*** Opening of DATA ***
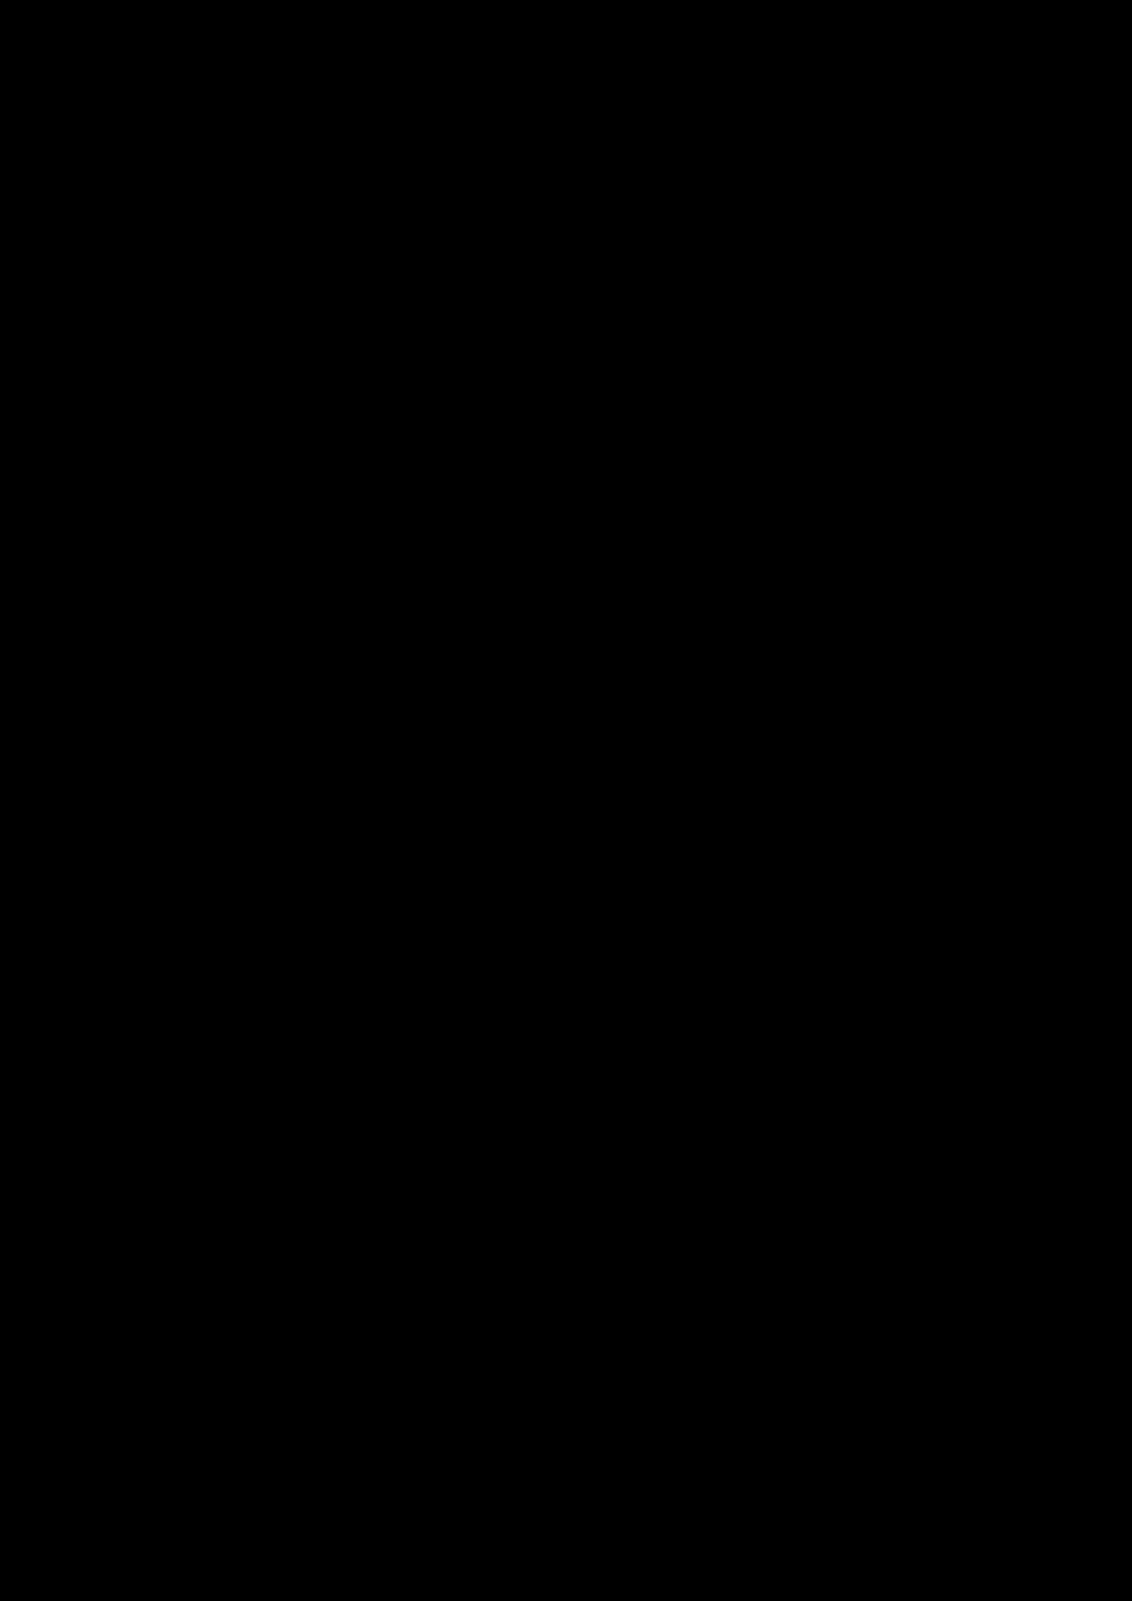 Serdtse slide, Image 76
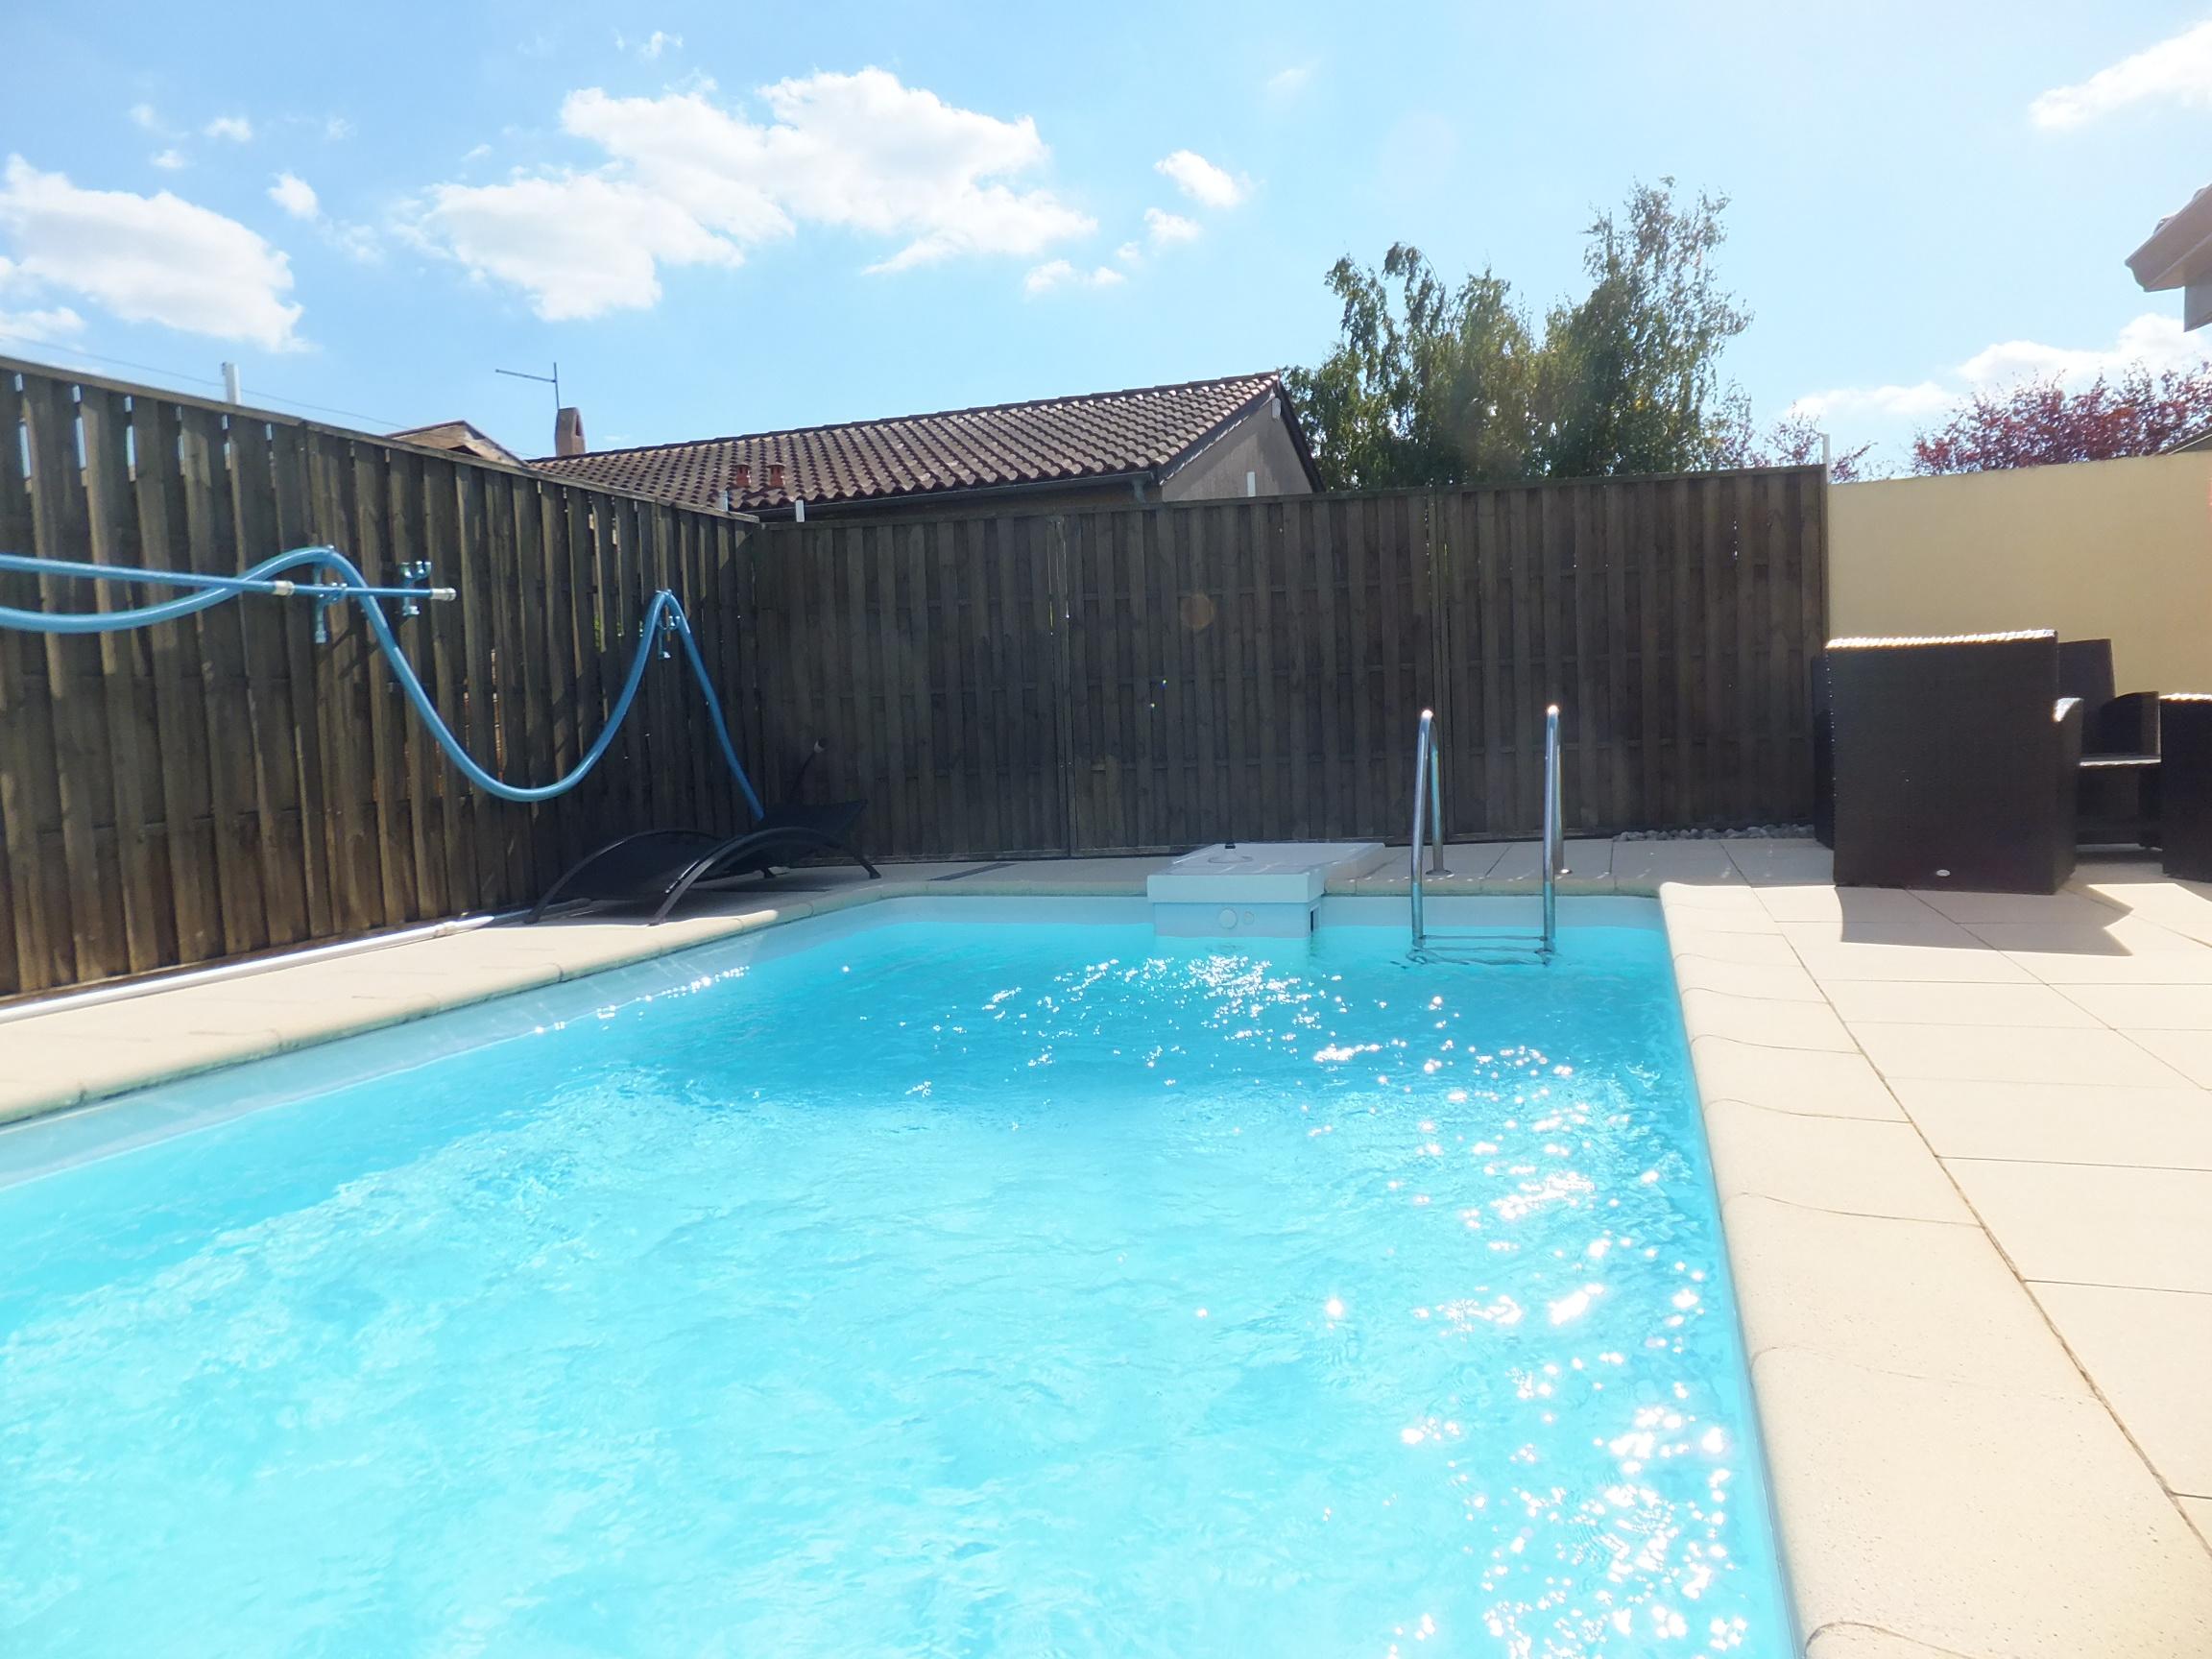 Toulouse chapitre maison t4 de plain pied avec piscine for Piscine nakache toulouse
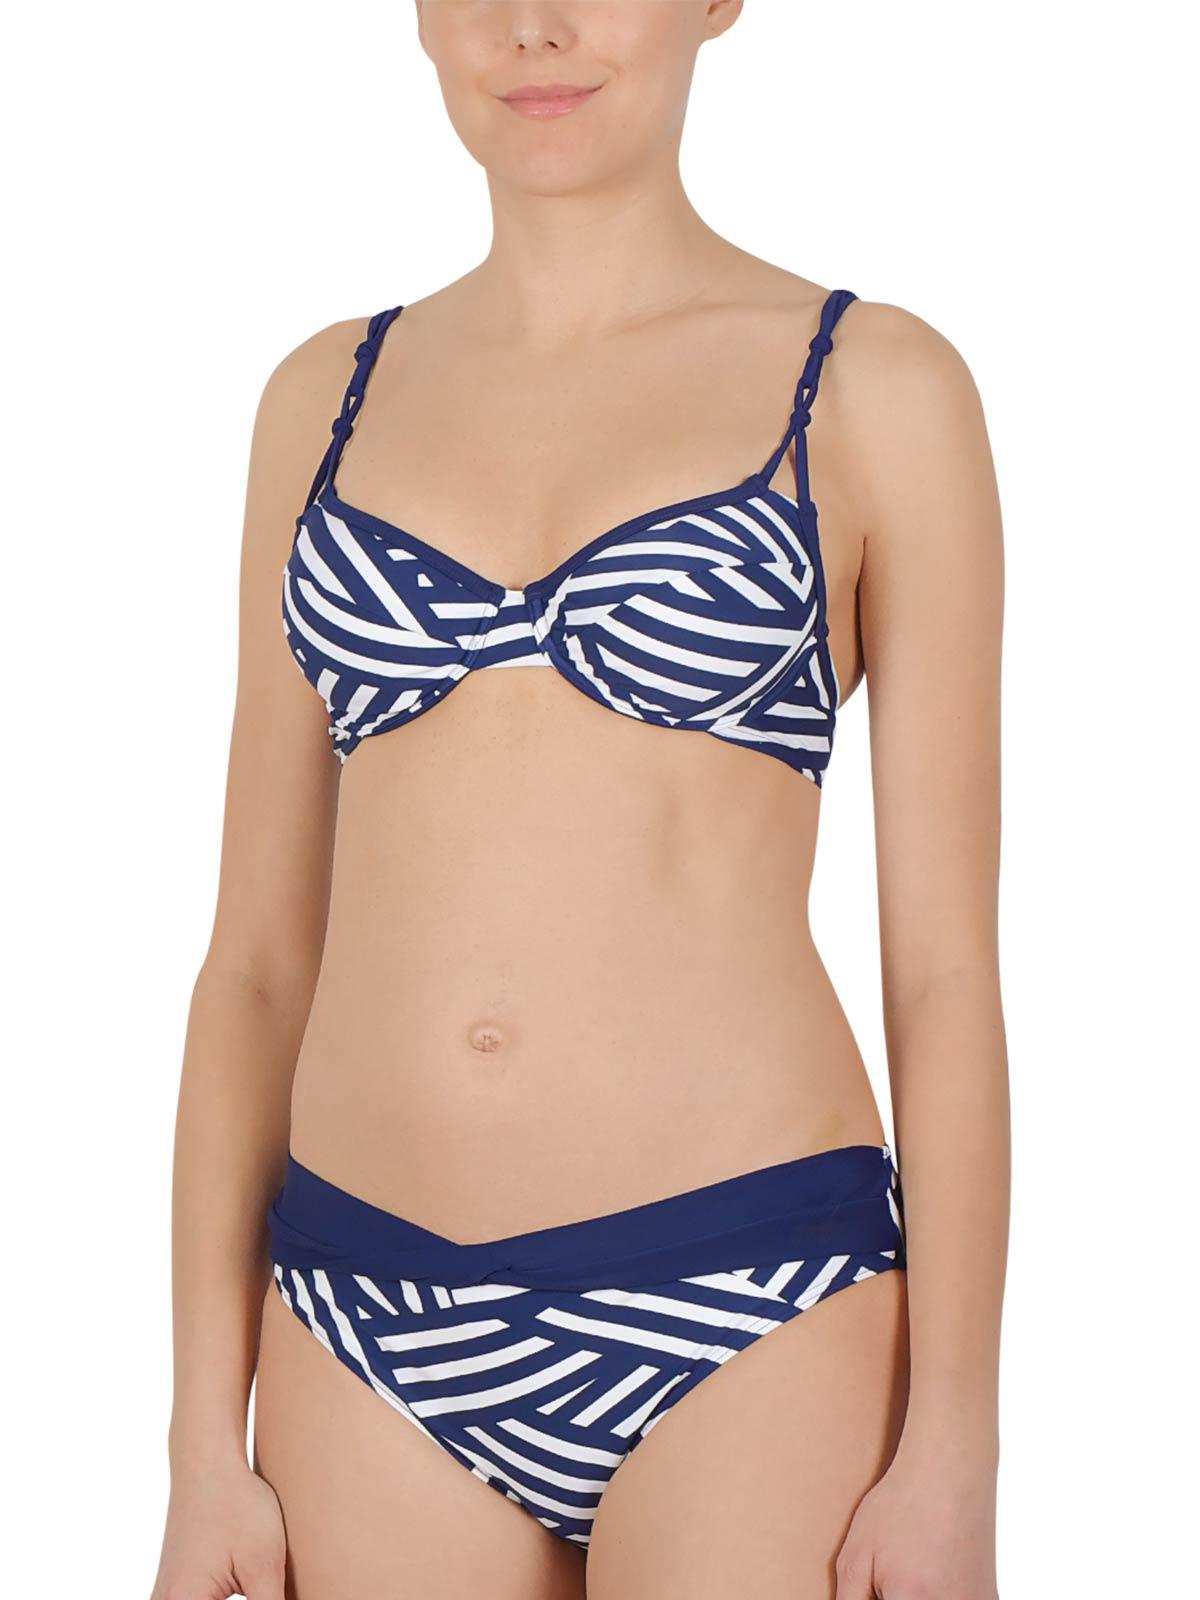 NATURANA Bügel-Bikini 72501 Gr. 36-46 B-E
*** Close of DATA ***
WHAT YOU WILL DO
Copy out all the data without changing anything, and drop the pictures.

TASK RESULT
 Serdtse slide, Image 76
 Toulouse chapitre maison t4 de plain pied avec piscine for Piscine nakache toulouse
 NATURANA Bügel-Bikini 72501 Gr. 36-46 B-E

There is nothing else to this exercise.